#### Work instructions
The complete listing goes into the output exactly, without its pictures.

(Beginning of Information shown)

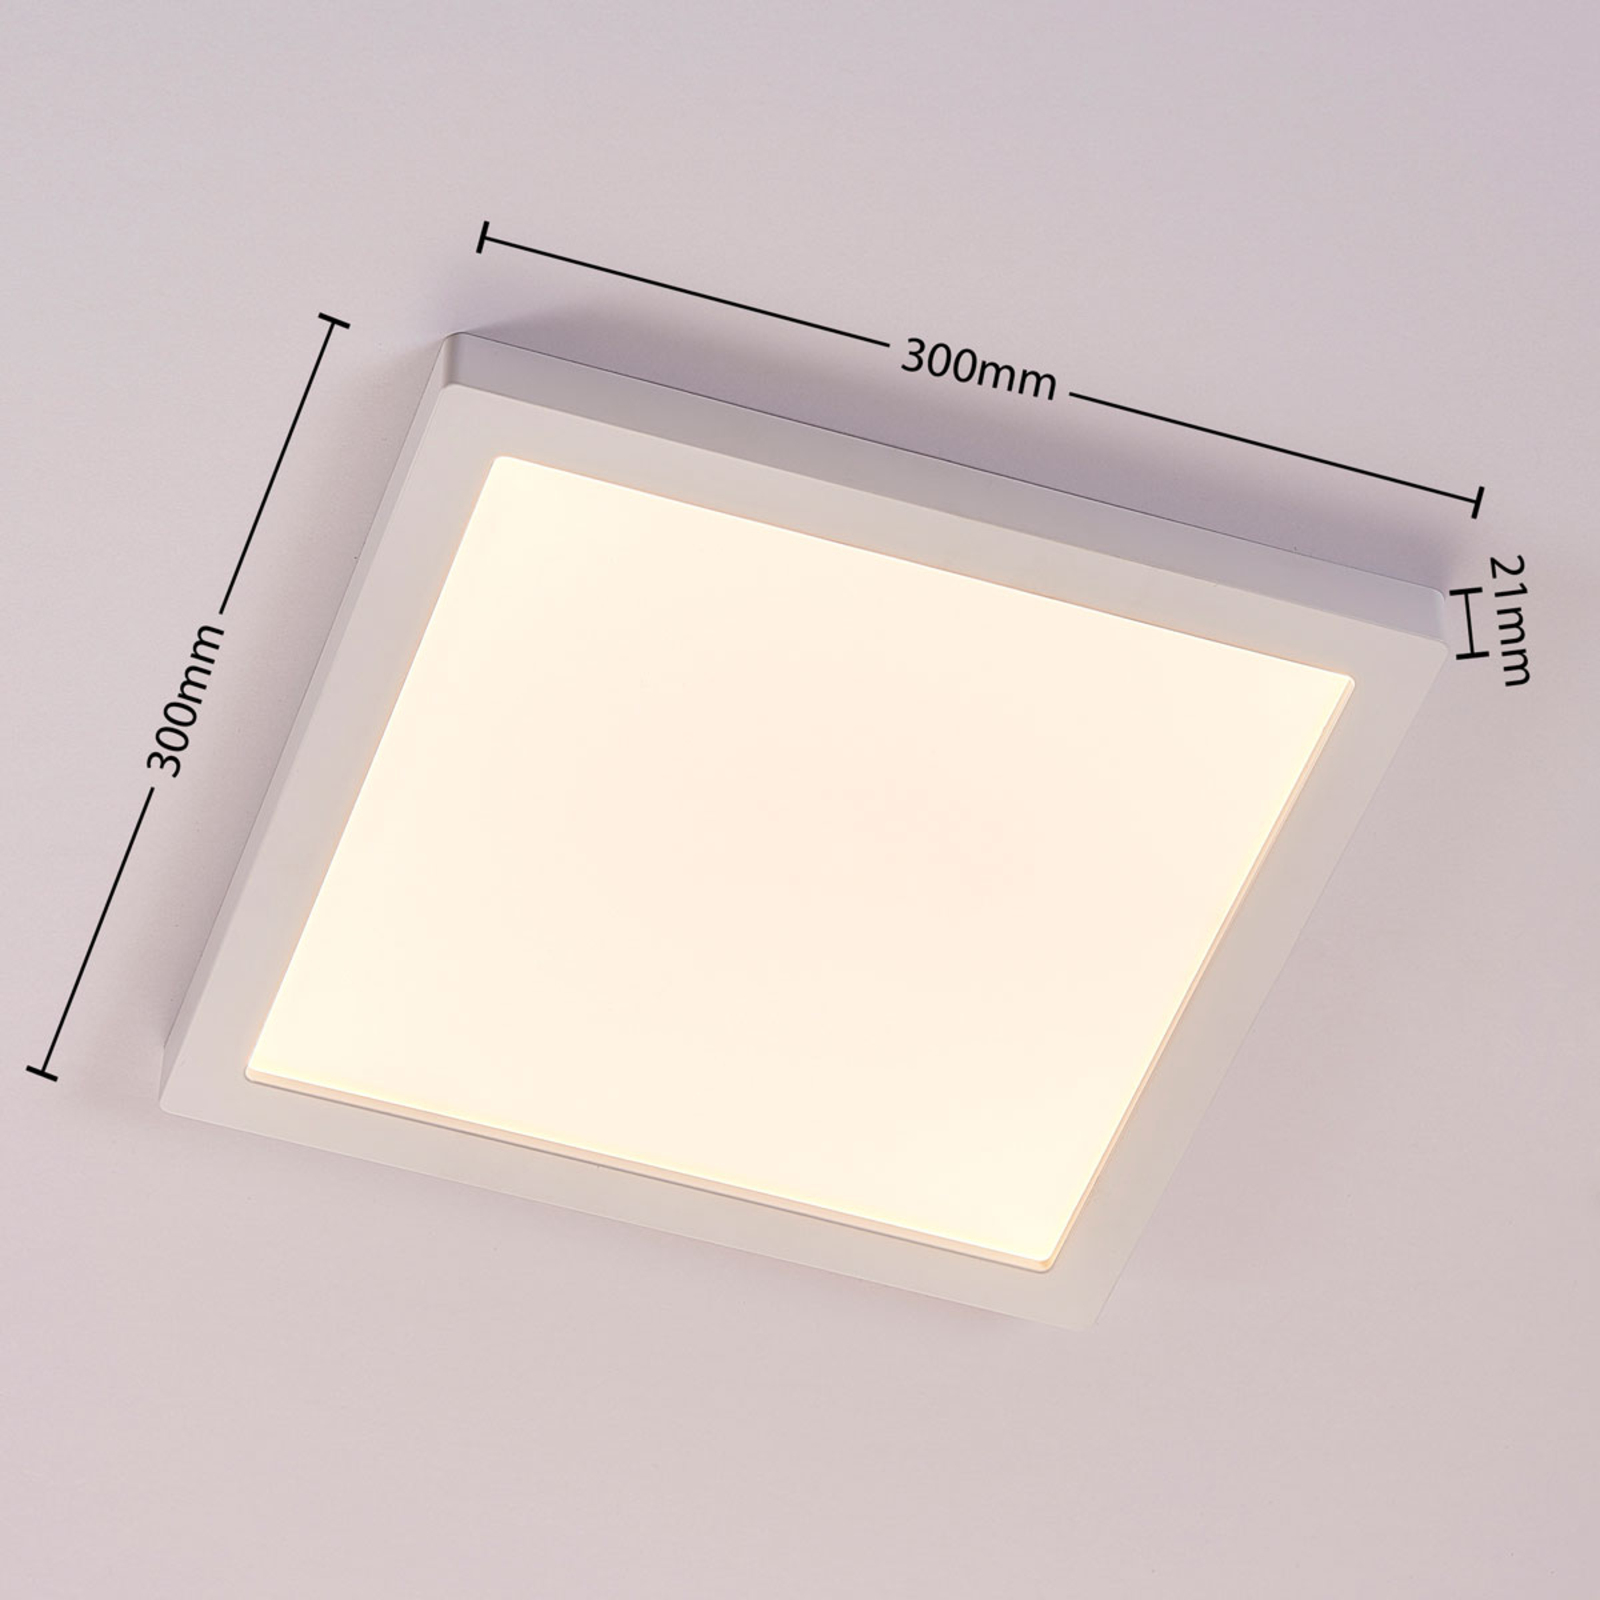 Solvie LED ceiling light, white, angular, 30 x 30 cm
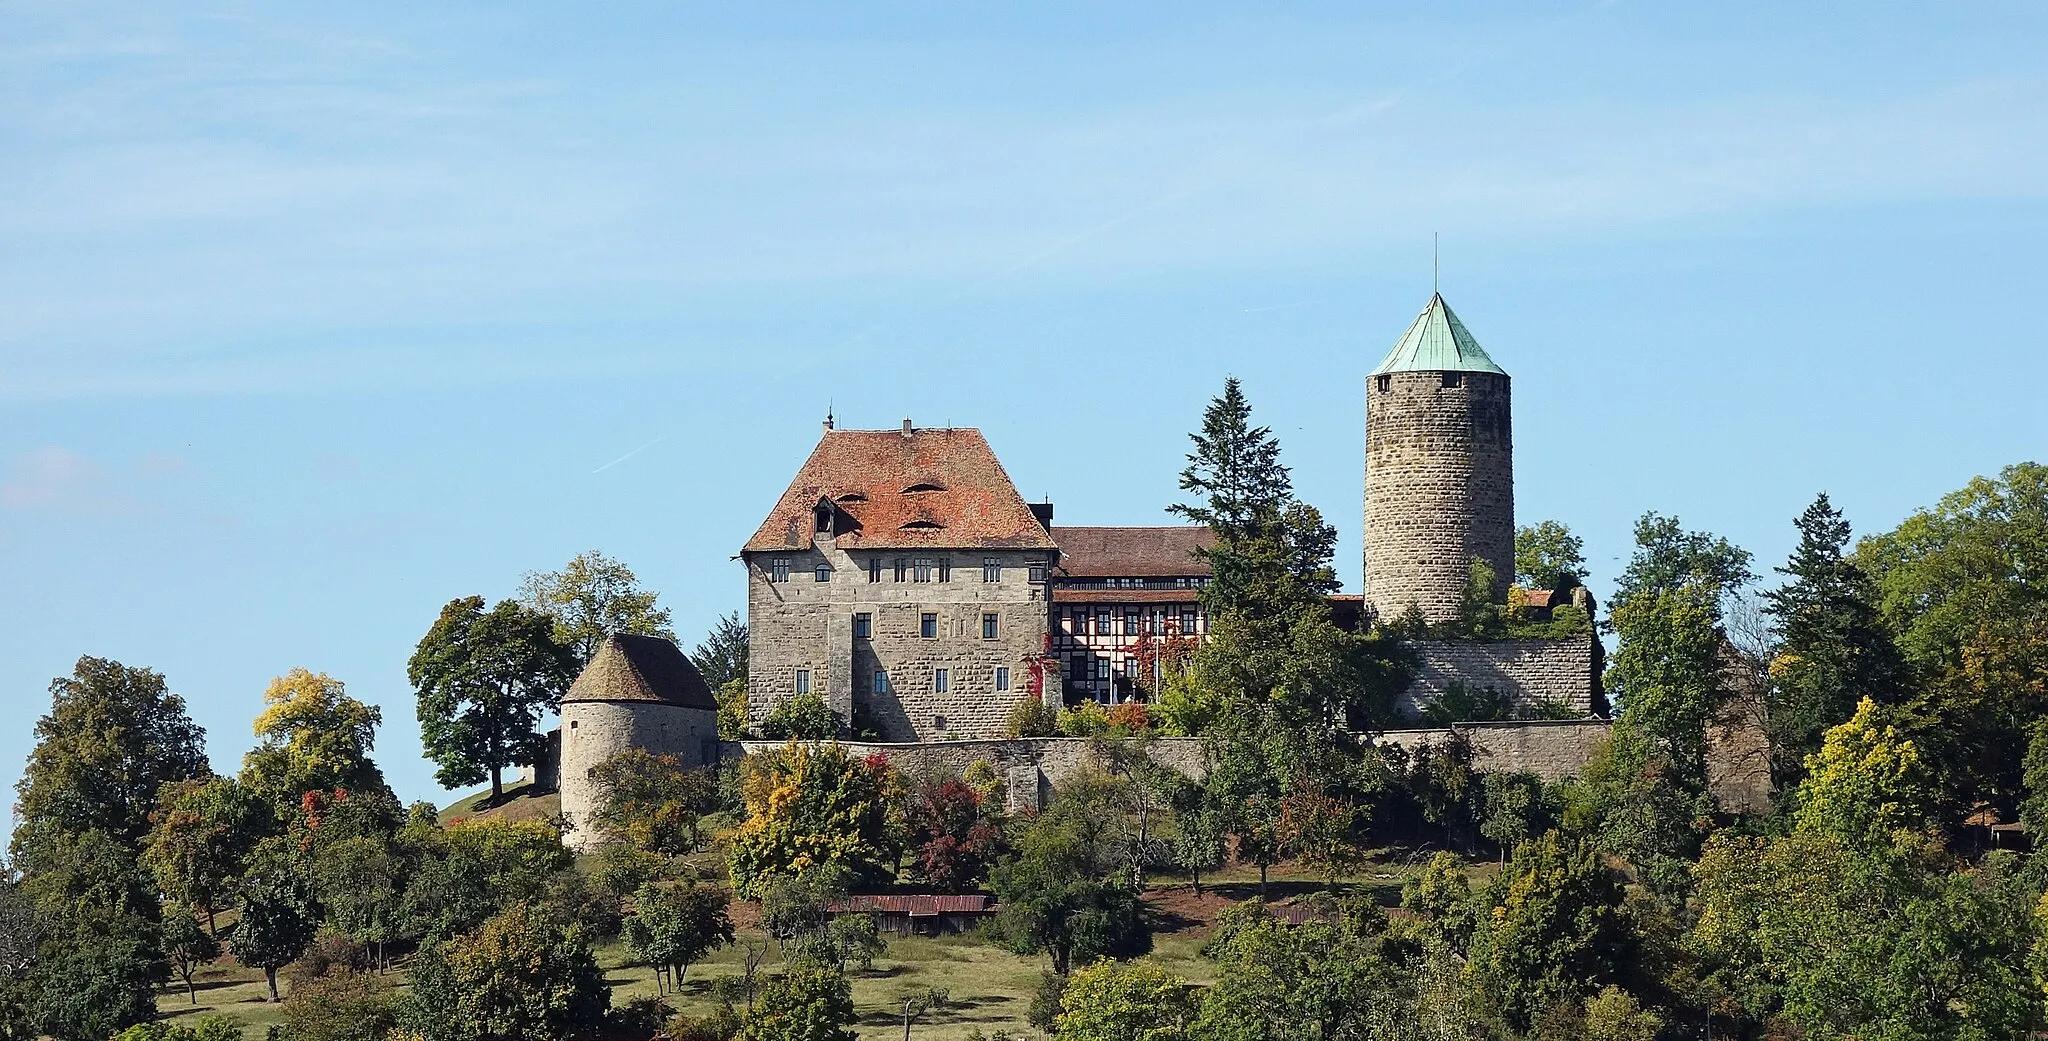 Photo showing: Die Burg Colmberg ist eine Burg auf dem 511 Meter hohen Heuberg im Altmühltal oberhalb von Colmberg in Bayern. Die Burg wurde um das Jahr 770 als kleine Palisadenburg mit hölzernem Turm errichtet und zwischen den Jahren 1150 und 1240 ausgebaut. Im Jahre 1964 ging die Burg in den Besitz der Familie Unbehauen aus Colmberg über, die auf der Burg ein Hotel mit Restaurant betreiben.
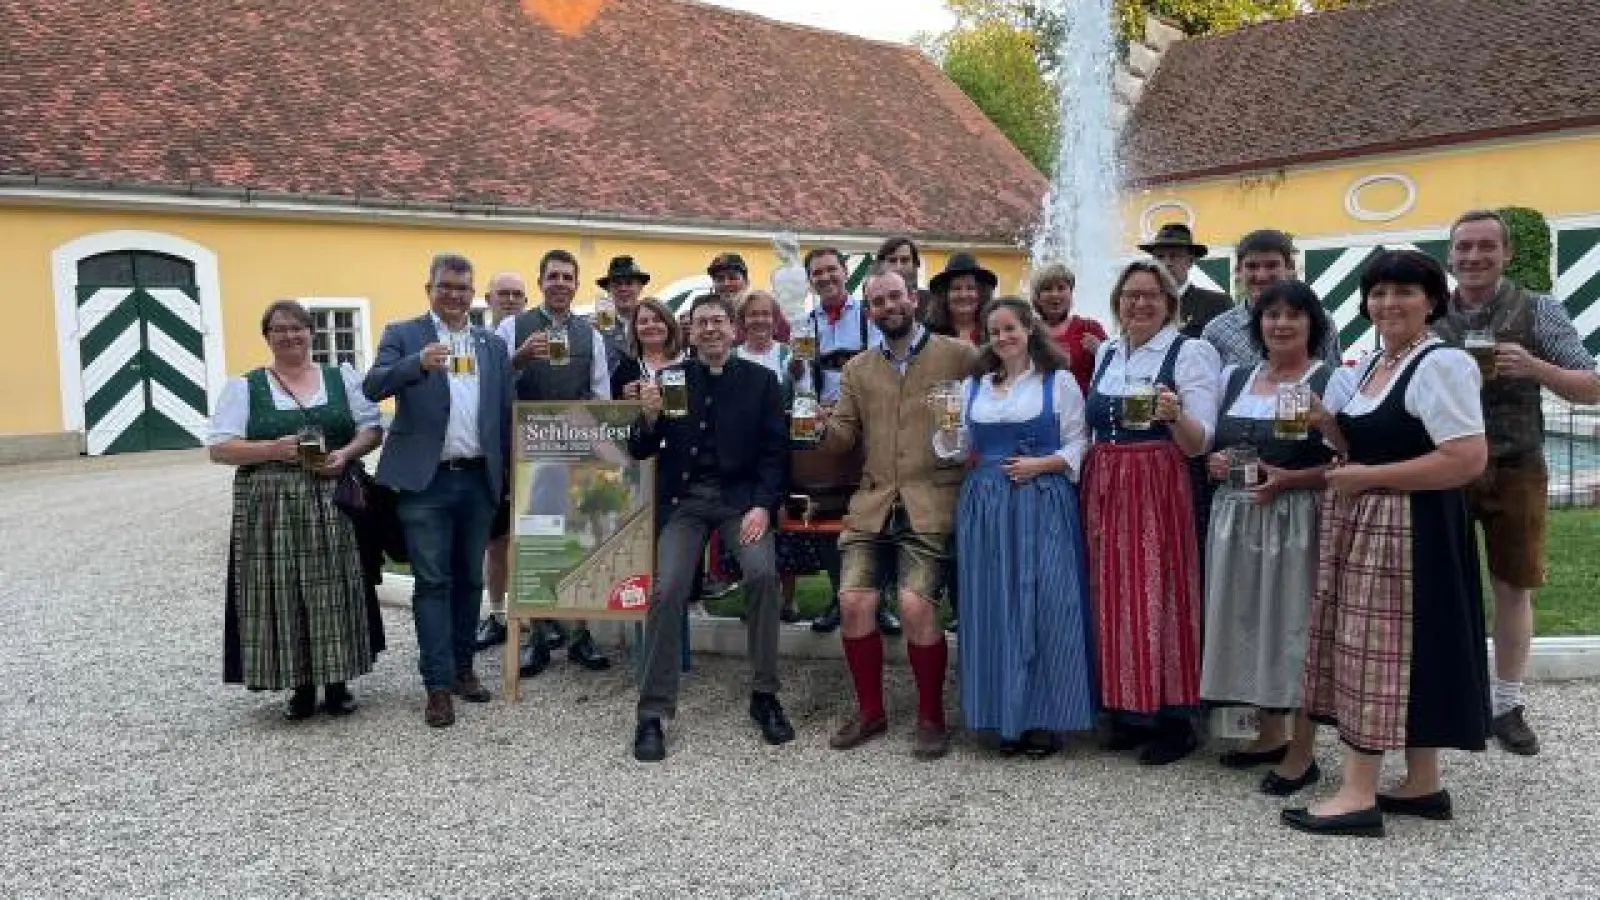 Bei einer Bierprobe   stimmte sich das gesamte Schlossfestteam kürzlich auf die Benefiz-Veranstaltung ein. Die Feier in Pöttmes findet am 21. Mai statt. 	Foto: privat (Foto: privat)

(End of Information shown)

#### Your solution
 Solvie LED ceiling light, white, angular, 30 x 30 cm
 Photo showing: Die Burg Colmberg ist eine Burg auf dem 511 Meter hohen Heuberg im Altmühltal oberhalb von Colmberg in Bayern. Die Burg wurde um das Jahr 770 als kleine Palisadenburg mit hölzernem Turm errichtet und zwischen den Jahren 1150 und 1240 ausgebaut. Im Jahre 1964 ging die Burg in den Besitz der Familie Unbehauen aus Colmberg über, die auf der Burg ein Hotel mit Restaurant betreiben.
 Bei einer Bierprobe   stimmte sich das gesamte Schlossfestteam kürzlich auf die Benefiz-Veranstaltung ein. Die Feier in Pöttmes findet am 21. Mai statt. 	Foto: privat (Foto: privat)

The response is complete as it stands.